Wednesday, March 09, 2022

'For the Edification of the World'

“He showed how the novel could present, in refreshed form, the fatrasie, the pillar-to- post miscellany, of which Rabelais had perhaps given the greatest example possible . . .” 

George Saintsbury in The English Novel (1913) has taught me a new word: fatrasie. I’m without French but it seems originally to have meant a form of medieval French nonsense verse. The word evolved to mean “medley,” “hodgepodge” or, eventually, “rubbish.” English near-synonyms: gallimaufry, grab bag. Food analogies seem inevitable: a stew or good soup, an inspired blend of ingredients in which almost anything goes.

 

Saintsbury is writing about Laurence Sterne, one of the eighteenth-century writers he calls the “Four Wheels of the Novel,” along with Richardson, Fielding and Smollett. He continues: “[Sterne] showed how [the novel] could be made, not merely to present humorous situations, but to exhibit a special kind of humour itself—to make the writer as it were the hero without his ever appearing as character in Tristram, or to humorise autobiography as in the Sentimental Journey.”

 

I bring this up because Tristram Shandy is the book readers have most often told me they are unable to finish. I’ve come to expect the complaint whenever I mention the title. Reasons cited: boredom, confusion, pointlessness. I think I get it. Still, after 263 years and a million modernist and postmodernist mutations of the novel, Tristram Shandy can still be an expectation-defying experience. Forget linear narrative and conventional notions of character. What saves it from mere eccentricity or academic perversity is its humor (often filthy) and human interest. Yes, you come to care about Uncle Toby and the Widow Wadman just as you care about Kitty and Kostya, Natasha and Pierre.

 

Along with that, Tristram Shandy is heir to the Menippean tradition, as are Moby-Dick and Ulysses,  Montaigne’s Essays and The Anatomy of Melancholy. Such books are packed with learning, sometimes comically and often satirically so. Sterne turns the language of science into pure farce. This sort of thing will not bewitch every reader. I was fortunate. A professor who taught a class called “The Eighteenth-century English Novel,” in which we read the Four Wheels and more, talked up Tristram Shandy as her favorite novel. She had what we diplomatically call a “bawdy” (filthy) sense of humor, and she walked me through the novel on that first of many readings half a century ago.
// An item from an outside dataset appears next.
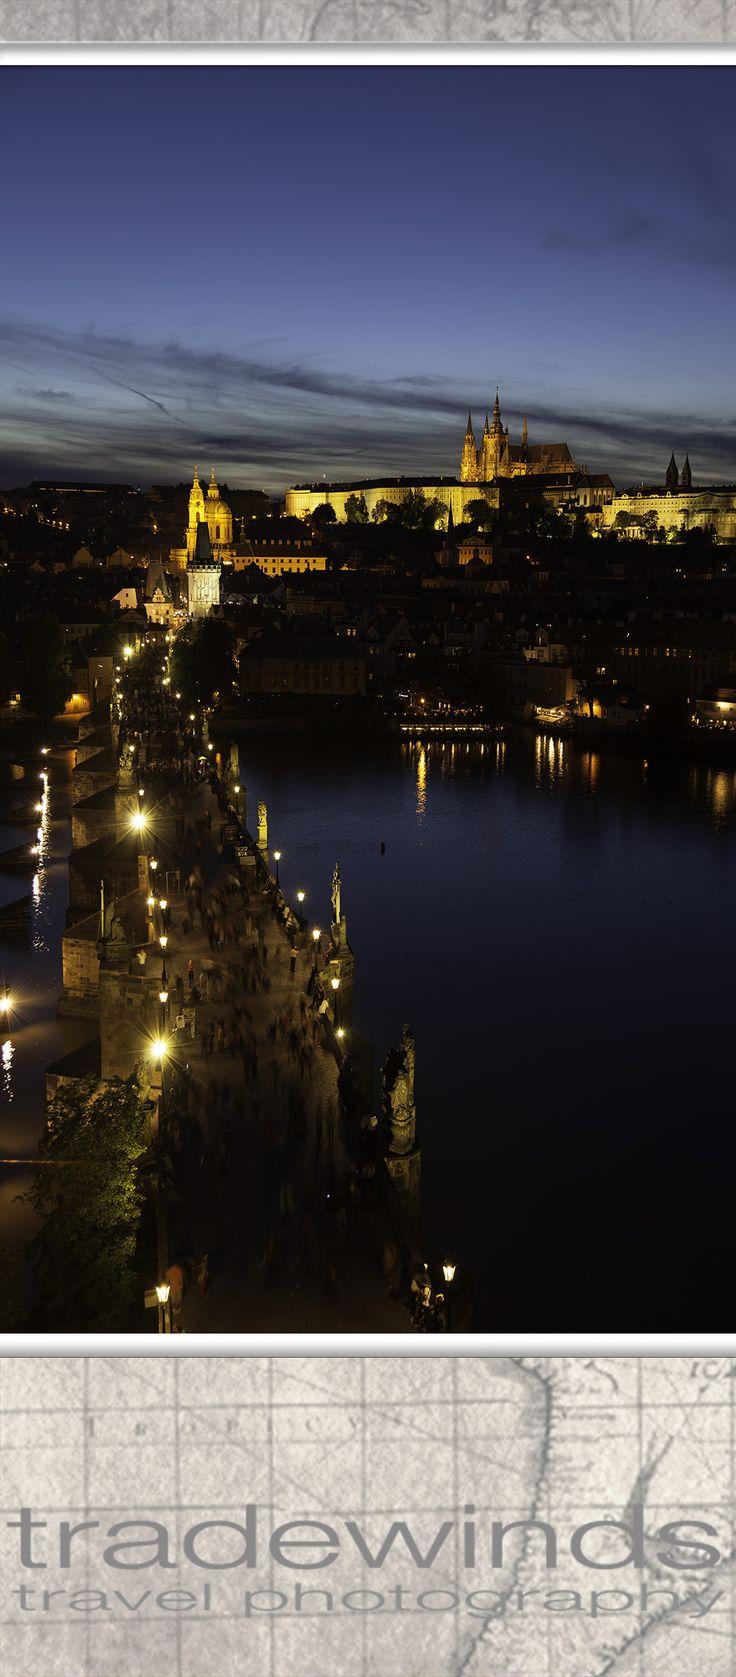 Charles Bridge (Karluv most) and Prague castle Vysehrad at night; Czech Republic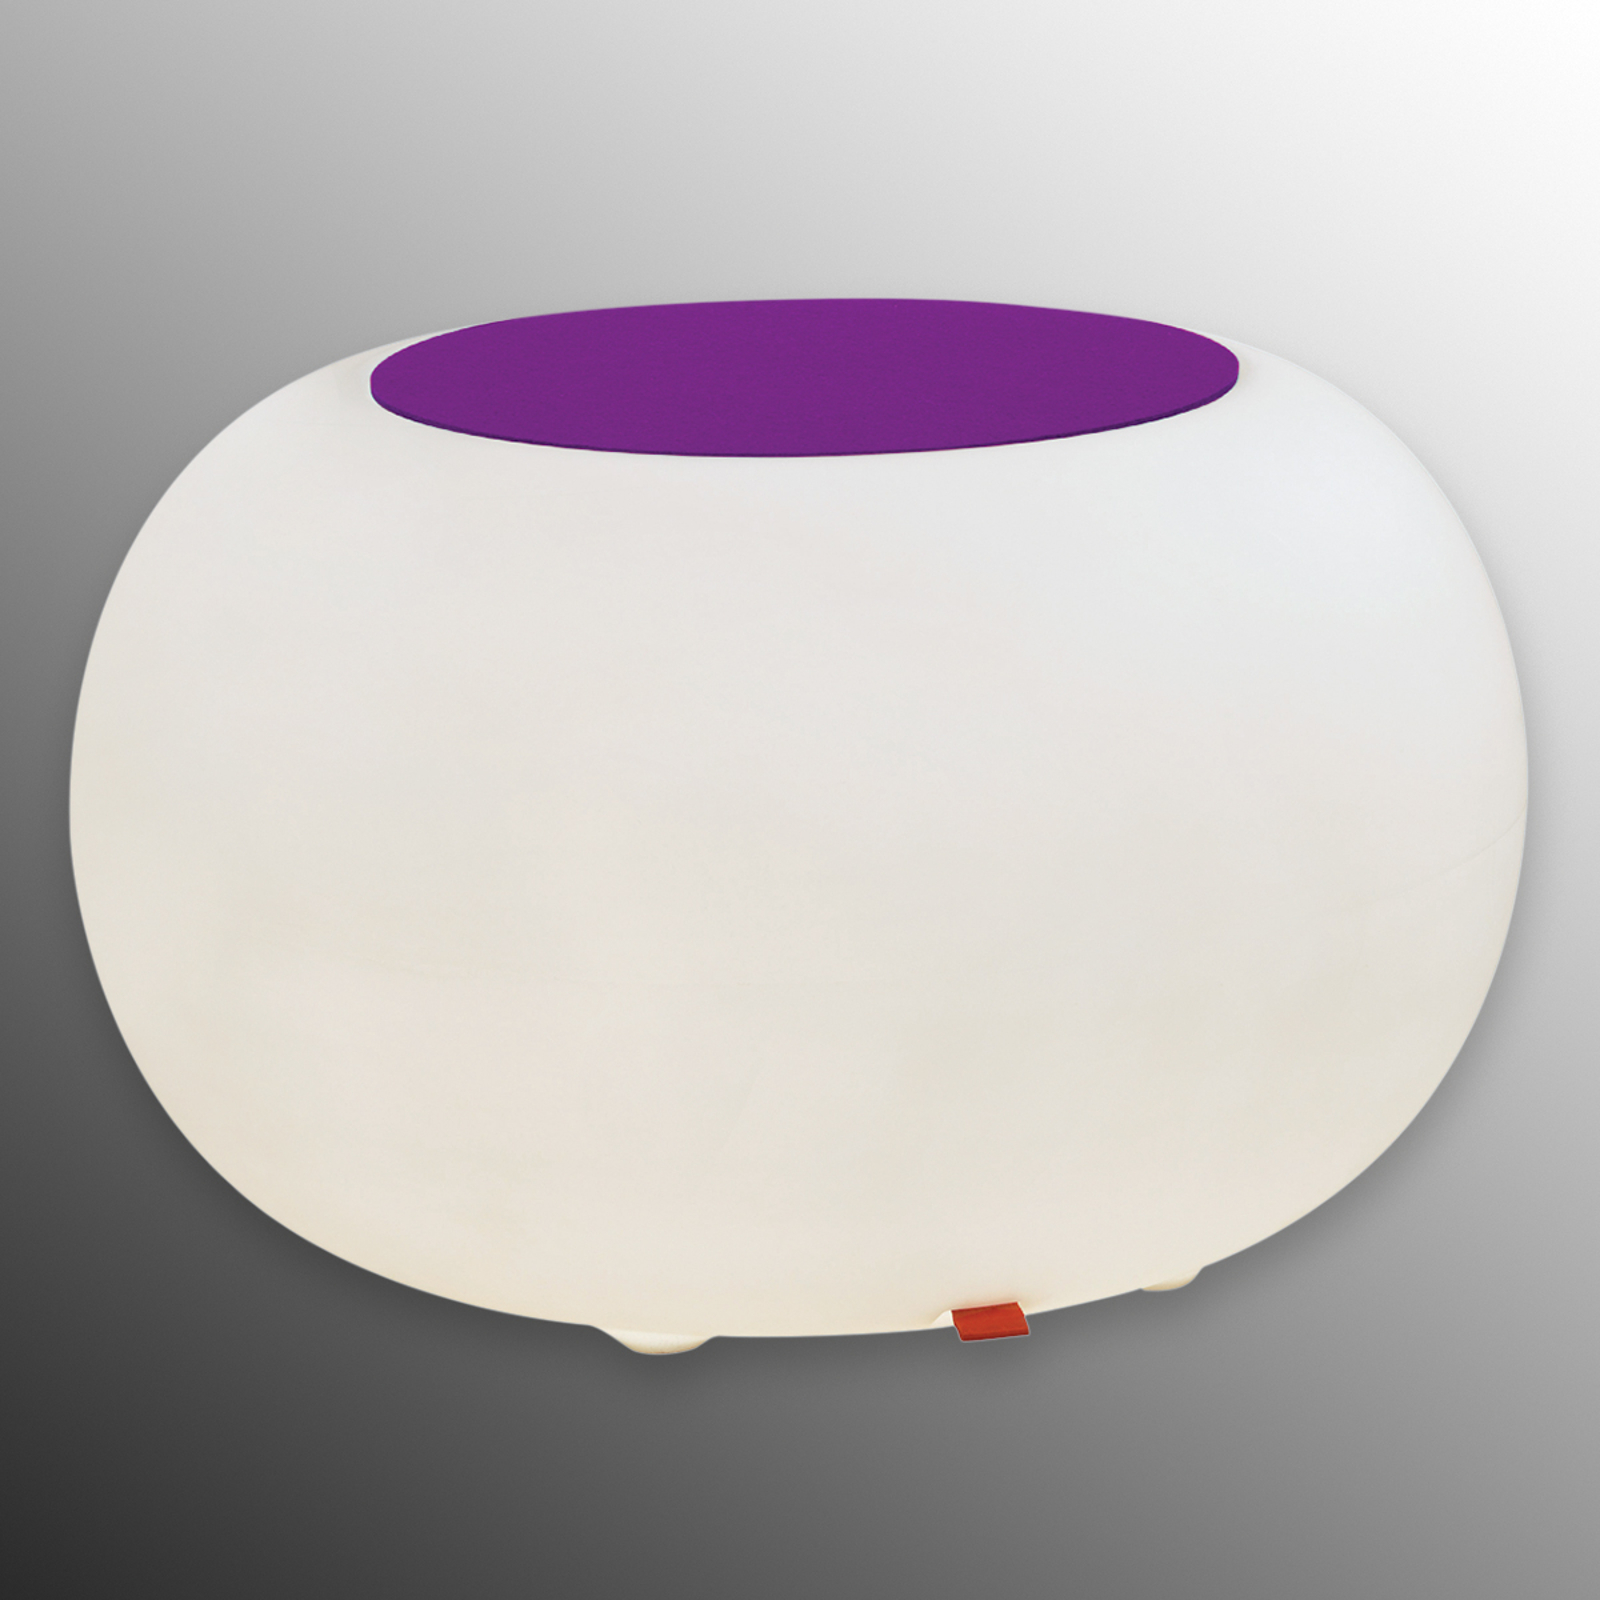 Bord BUBBLE Indoor LED RGB + fiolett filt

I can’t condemn readers for being defeated by Tristram Shandy. I only encourage them to give it another try. I also bring this up today because Sterne immortalizes this date in Book I, Chap. XVIII of his novel:

 

“Now this I like;—when we cannot get at the very thing we wish——never to take up with the next best in degree to it:—no; that’s pitiful beyond description;—it is no more than a week from this very day, in which I am now writing this book for the edification of the world;—which is March 9, 1759 . . .”

1 comment:

  1. Saintsbury can always be counted on for level-headed, interesting, and (sometimes) humorous opinions.

    As for "Tristram Shandy," I have a copy but have not yet made the attempt.